Work instruction: What you return should be the lines from the one with "گزارش بایگانی فعال" through the one with "Winter Lite (DEC" in the data below, reproduced exactly with both ends, and no pictures at all.

Information provided:
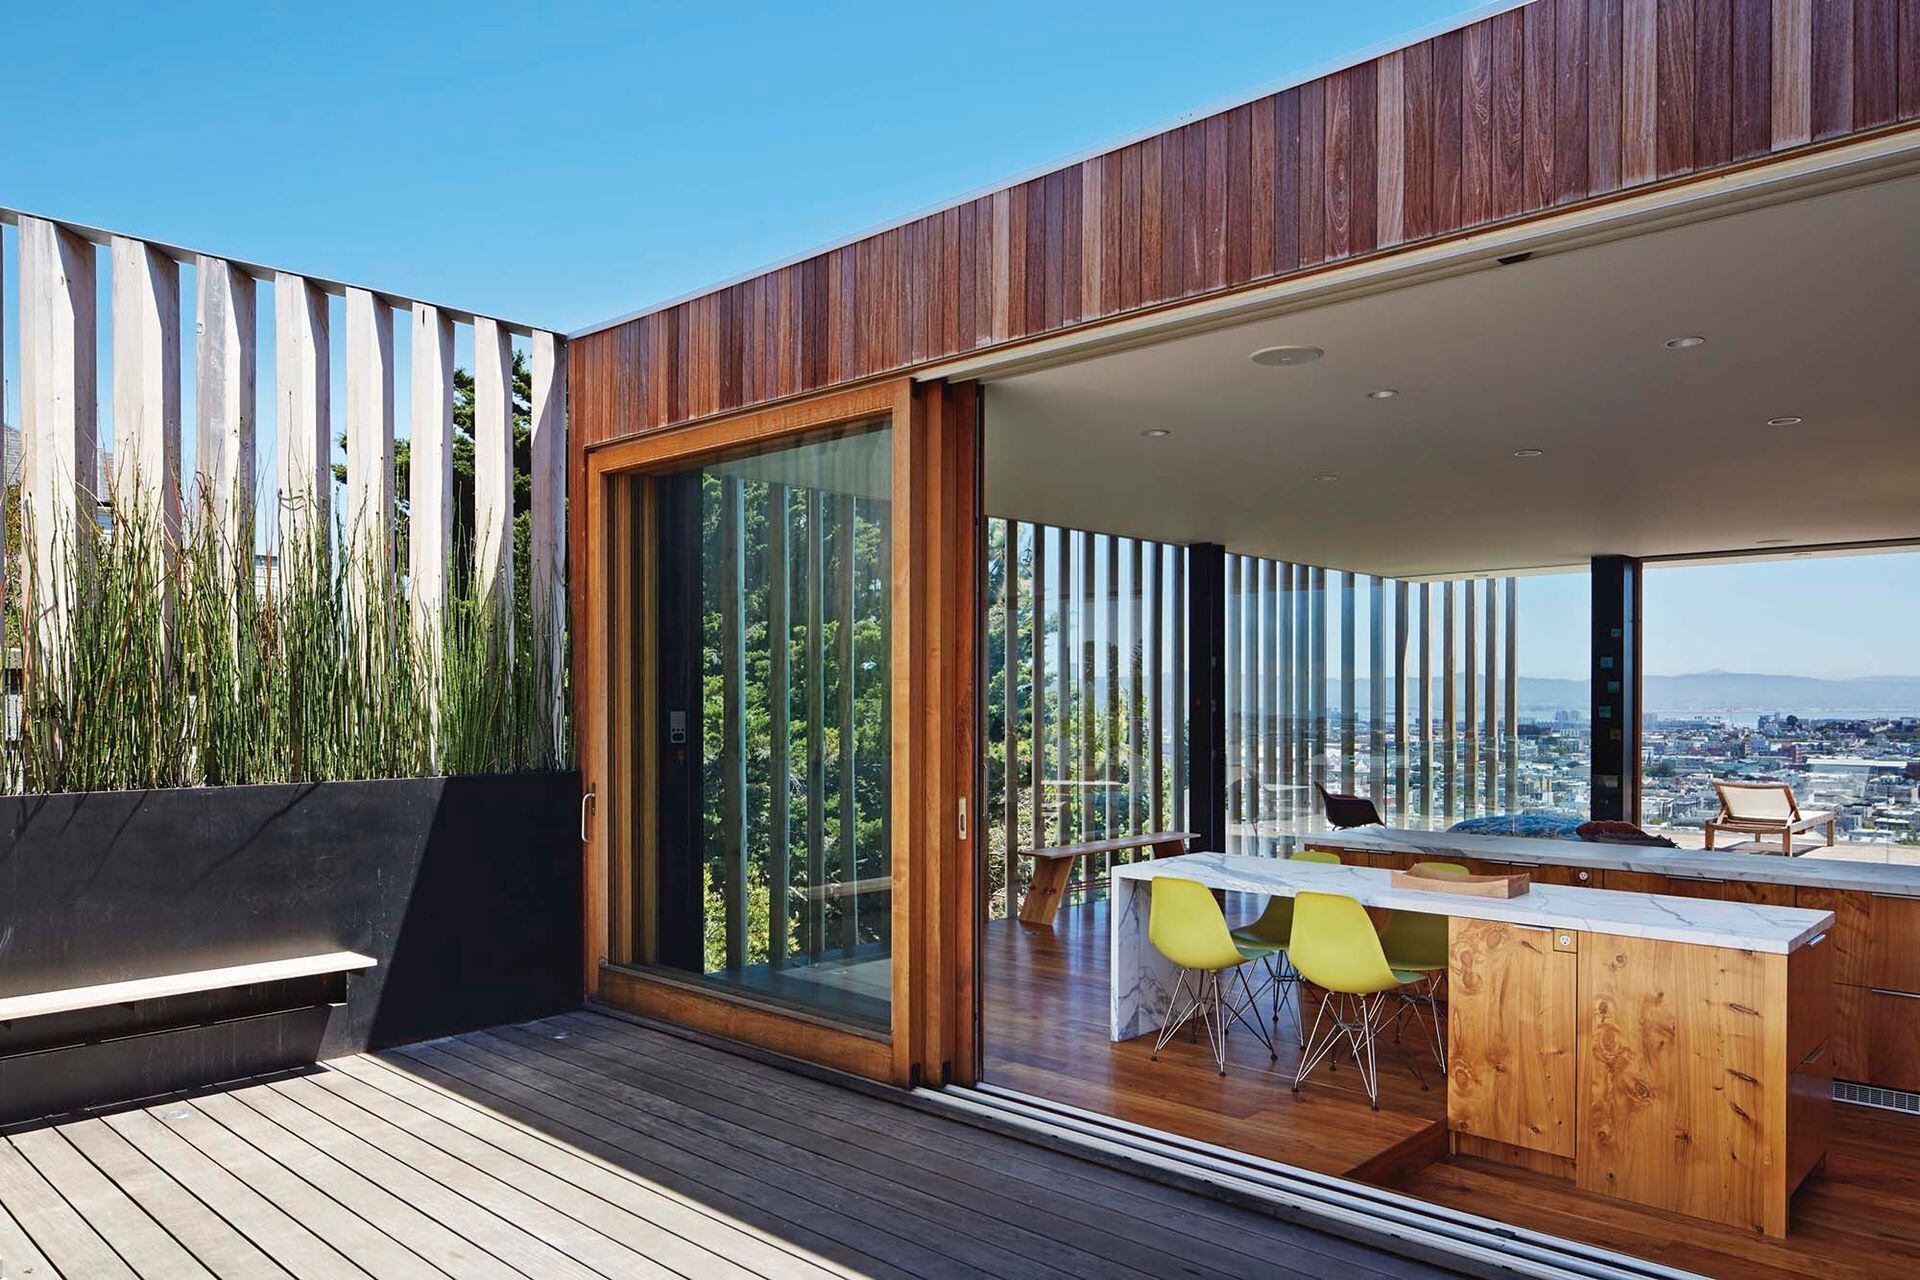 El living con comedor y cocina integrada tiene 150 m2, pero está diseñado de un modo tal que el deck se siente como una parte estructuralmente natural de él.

---

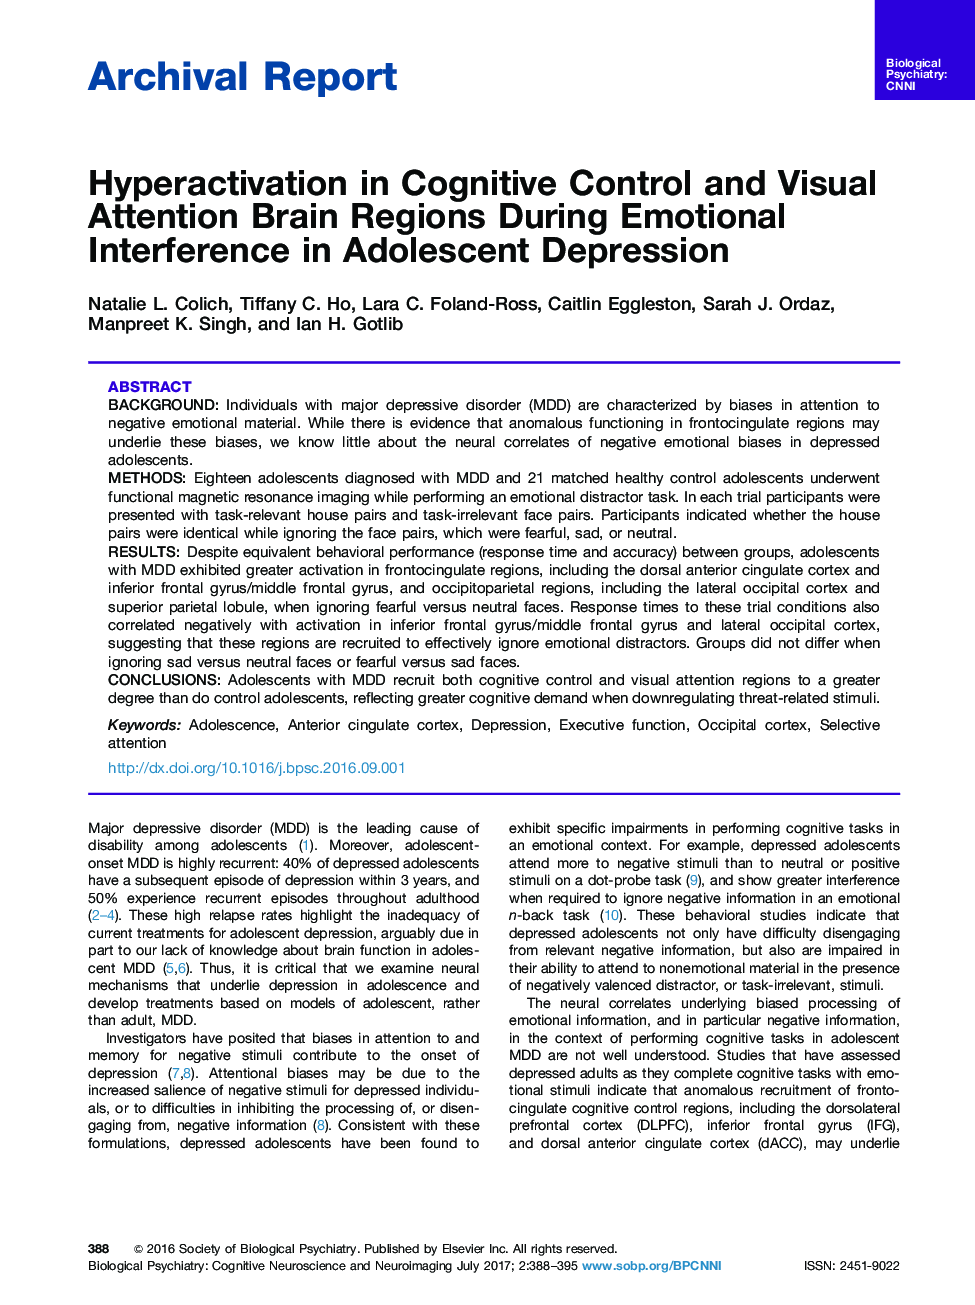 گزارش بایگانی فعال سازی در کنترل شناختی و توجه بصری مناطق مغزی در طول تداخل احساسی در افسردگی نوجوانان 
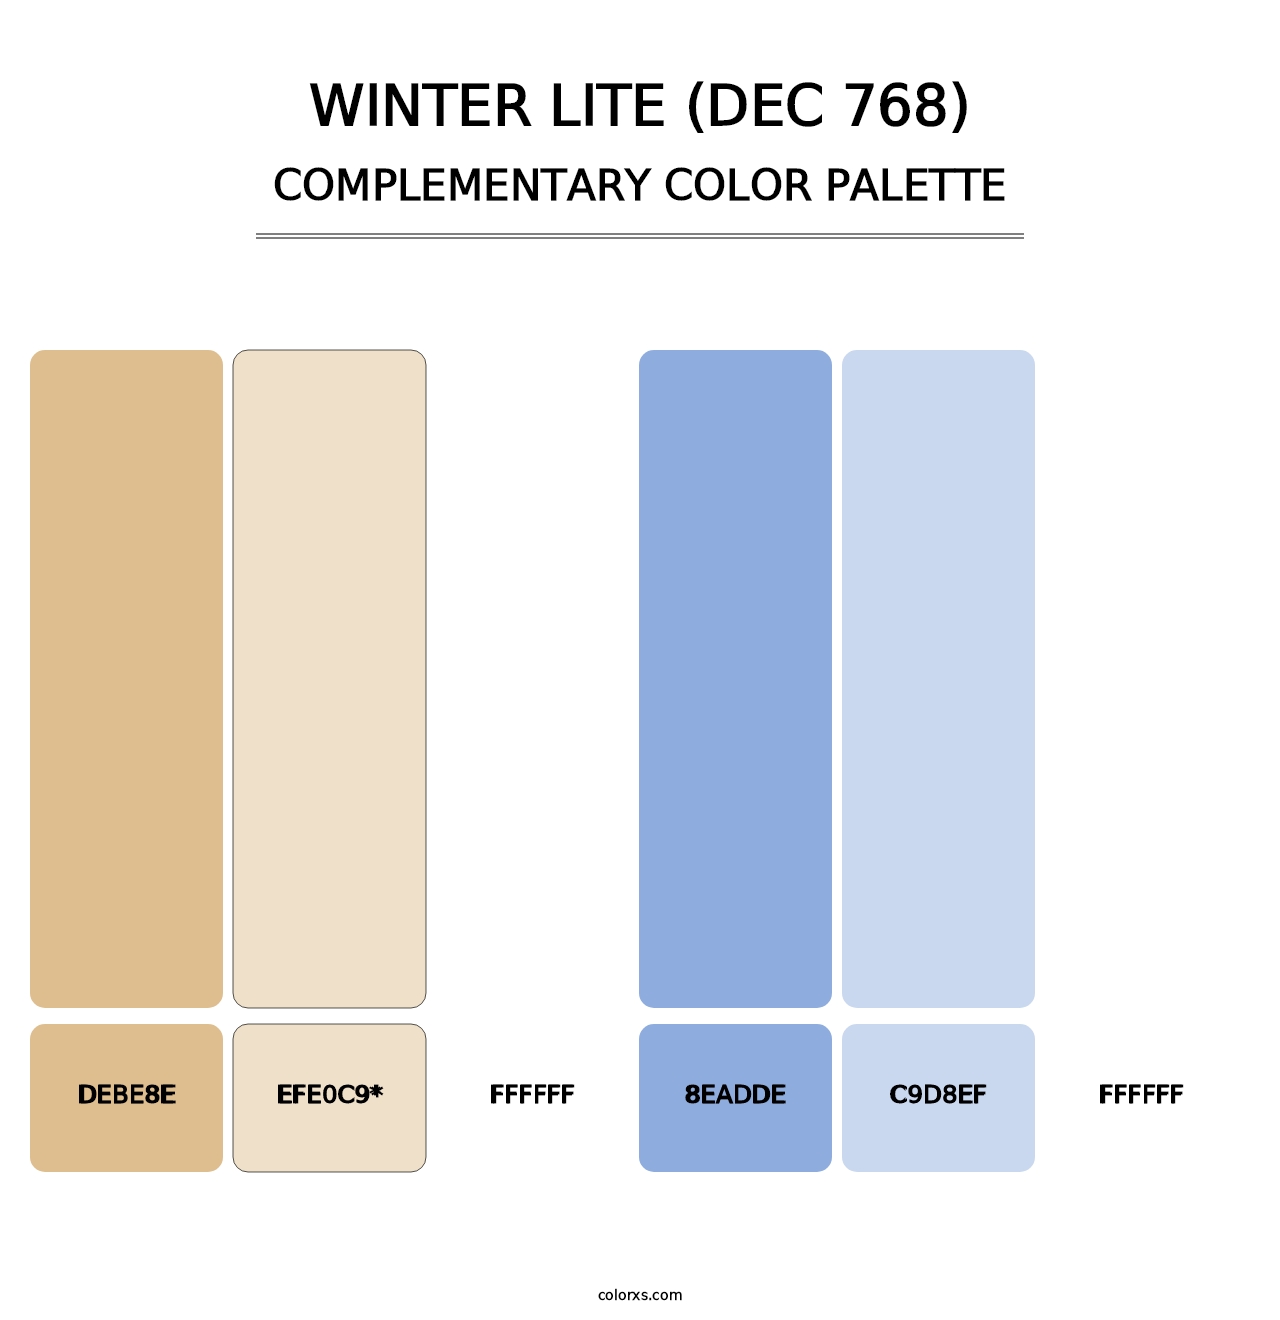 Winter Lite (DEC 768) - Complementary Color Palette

Response to the exercise:
 گزارش بایگانی فعال سازی در کنترل شناختی و توجه بصری مناطق مغزی در طول تداخل احساسی در افسردگی نوجوانان 
 Winter Lite (DEC 768) - Complementary Color Palette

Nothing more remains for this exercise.